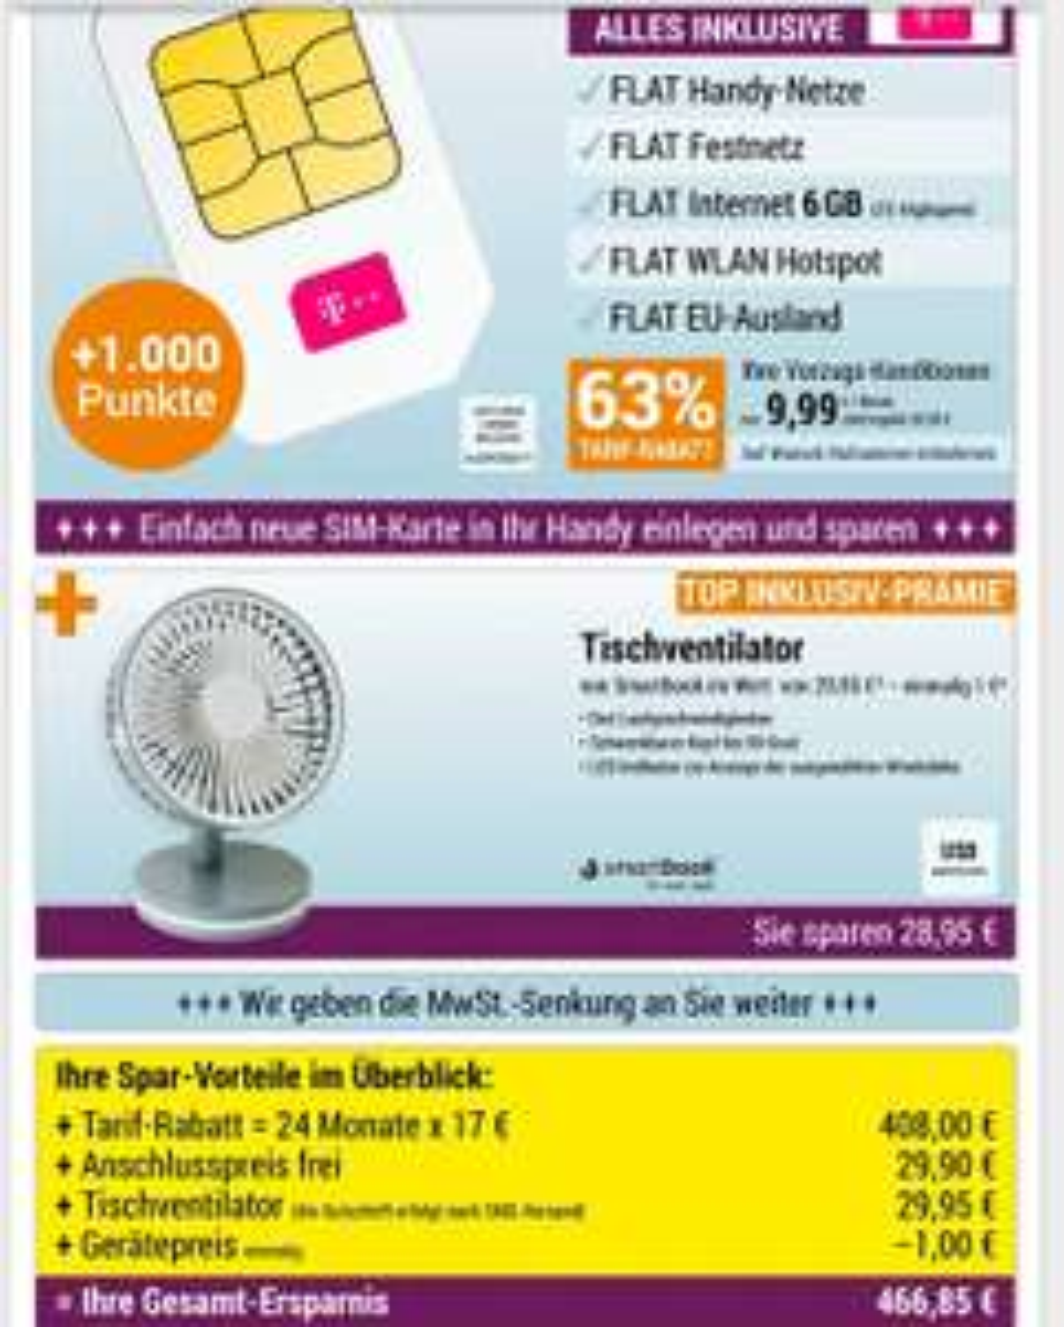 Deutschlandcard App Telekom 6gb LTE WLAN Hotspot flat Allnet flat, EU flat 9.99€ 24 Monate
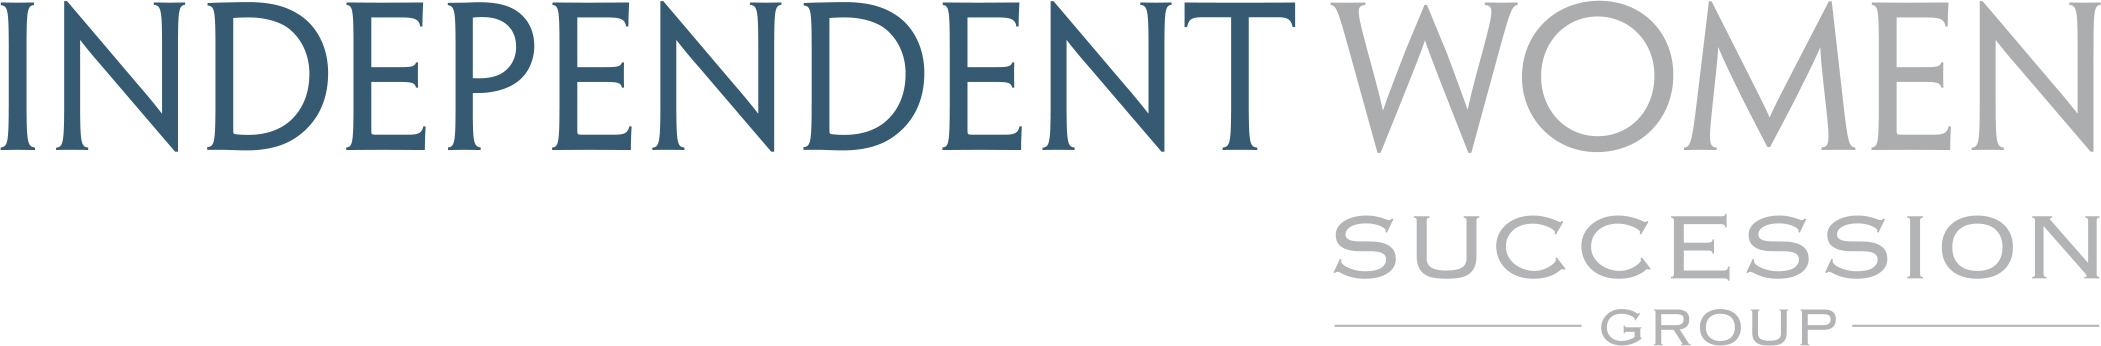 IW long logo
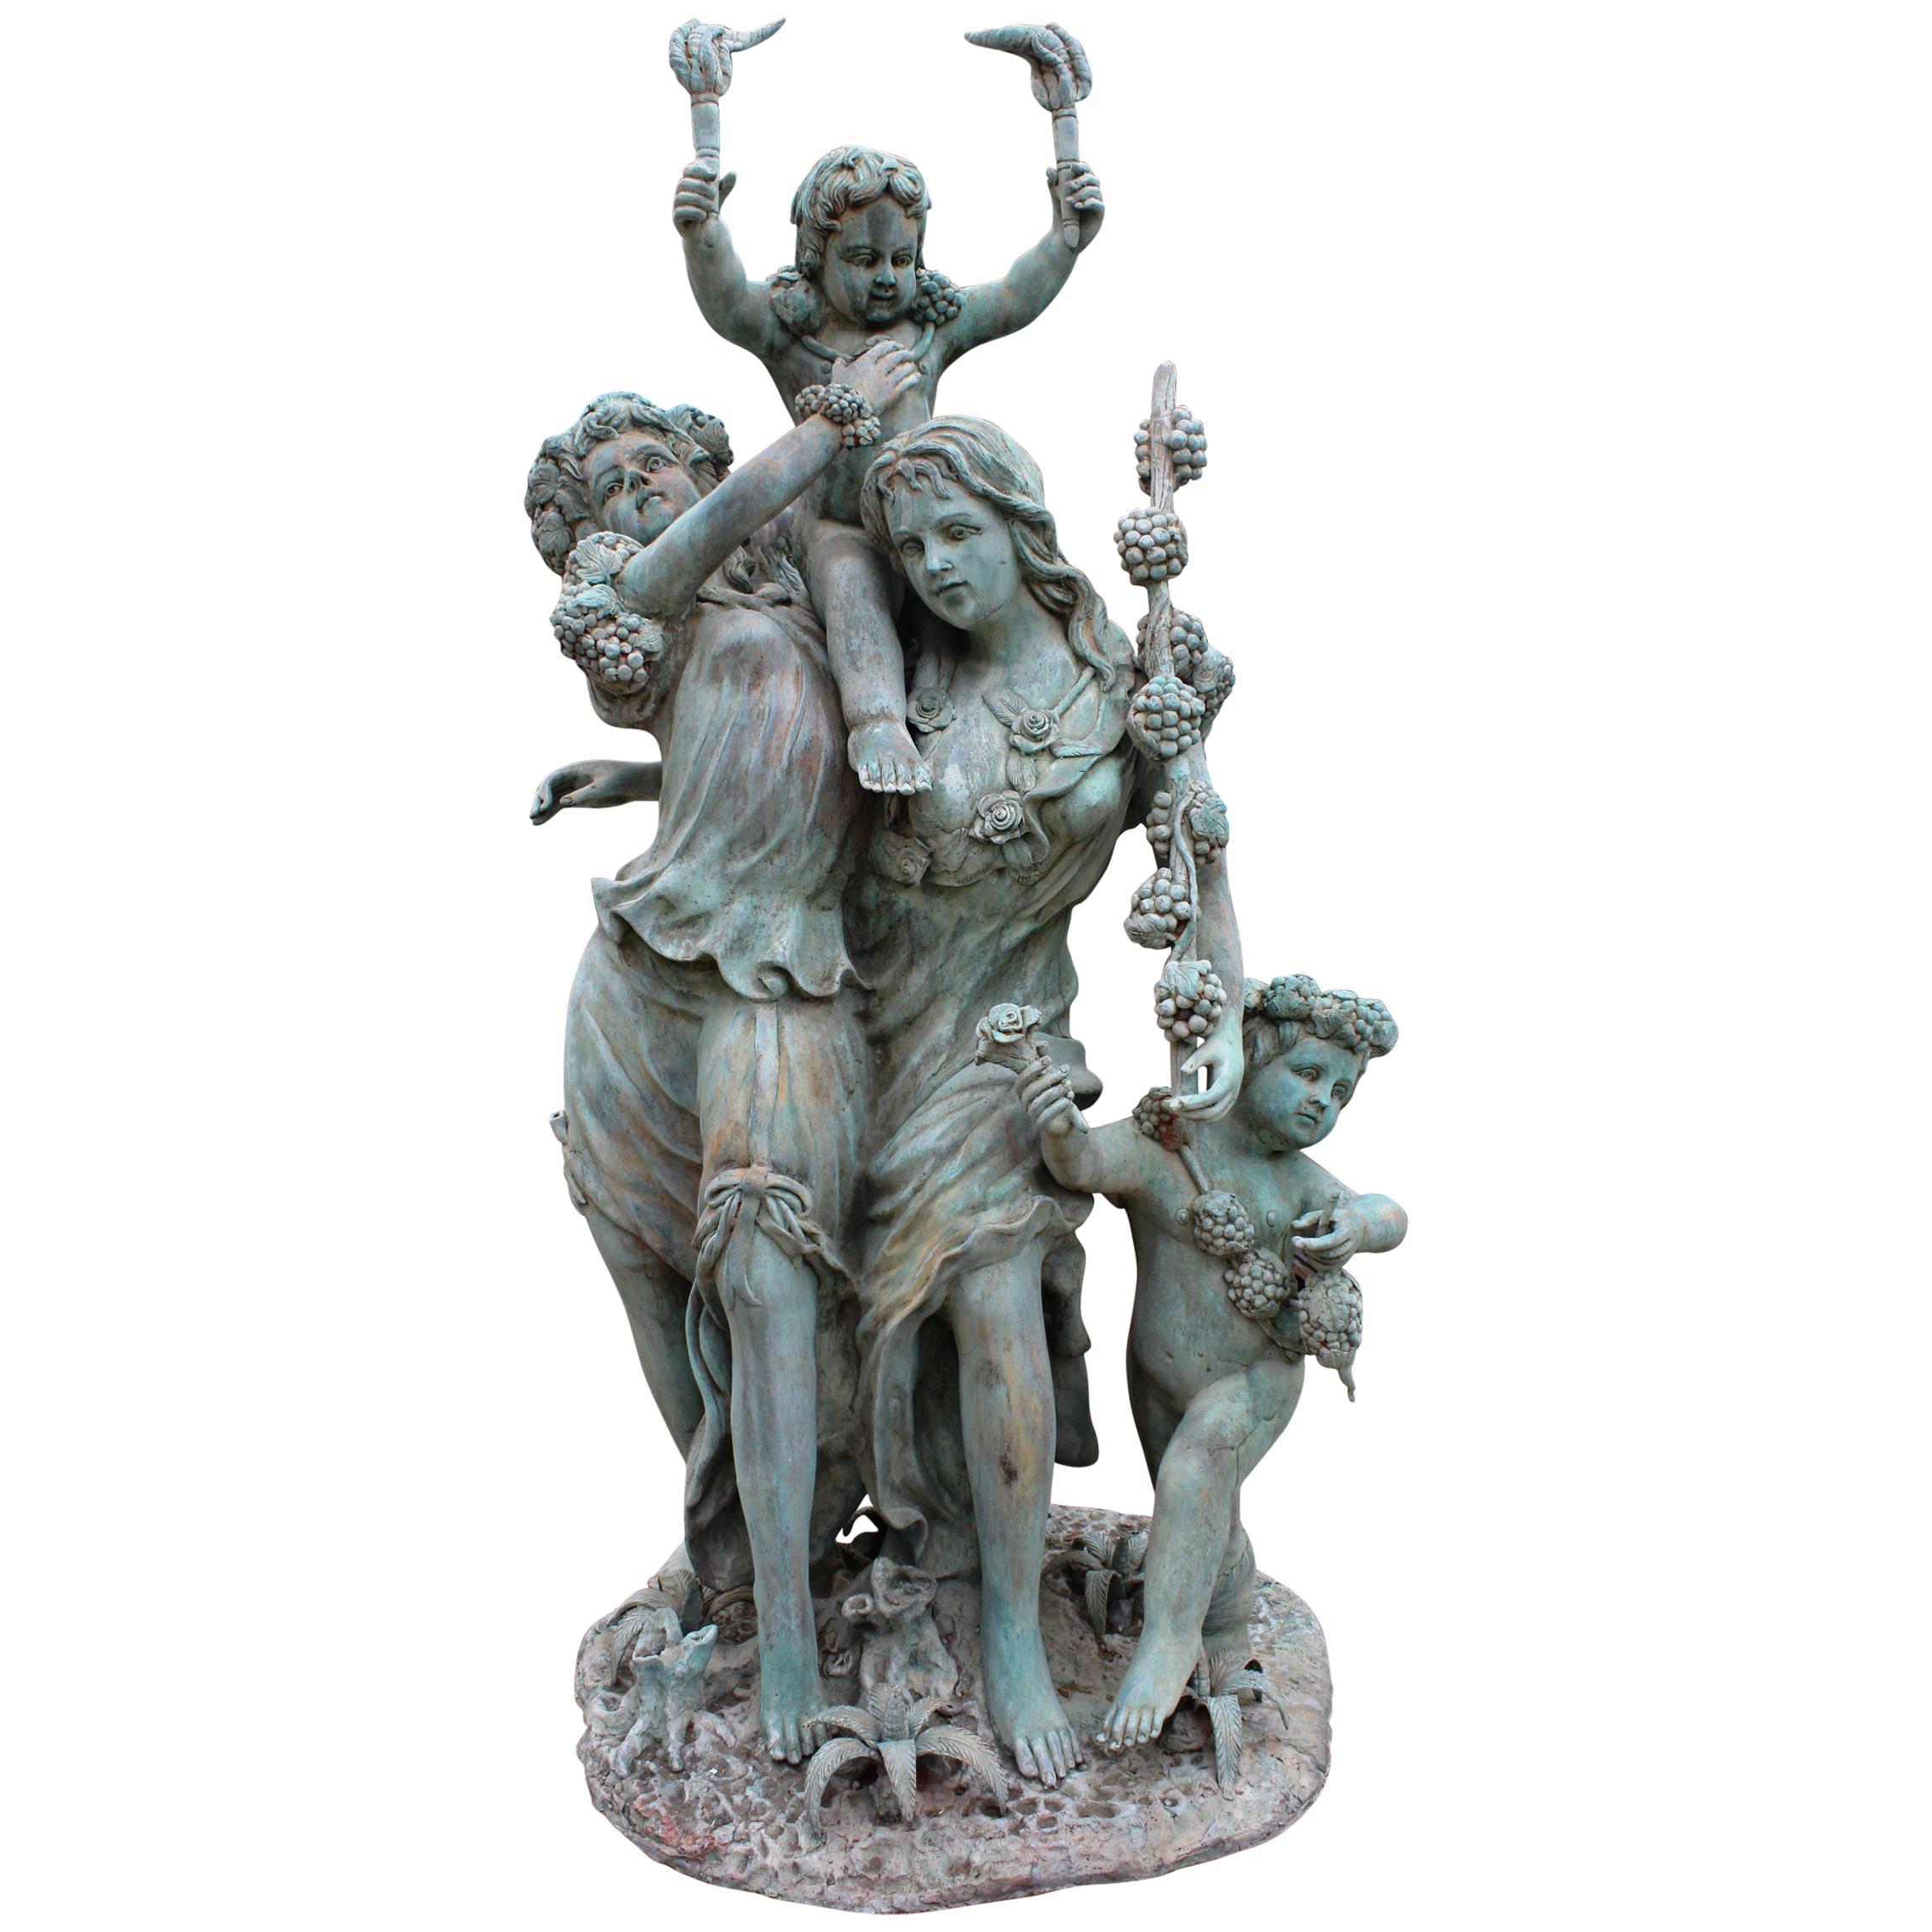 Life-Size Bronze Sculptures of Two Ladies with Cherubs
......
— EXERCISE —
With pictures omitted, copy exactly the lines from the one containing "IW long logo" through the final line of the listing, both included.

— RESPONSE TO THE EXERCISE —
 IW long logo
 Life-Size Bronze Sculptures of Two Ladies with Cherubs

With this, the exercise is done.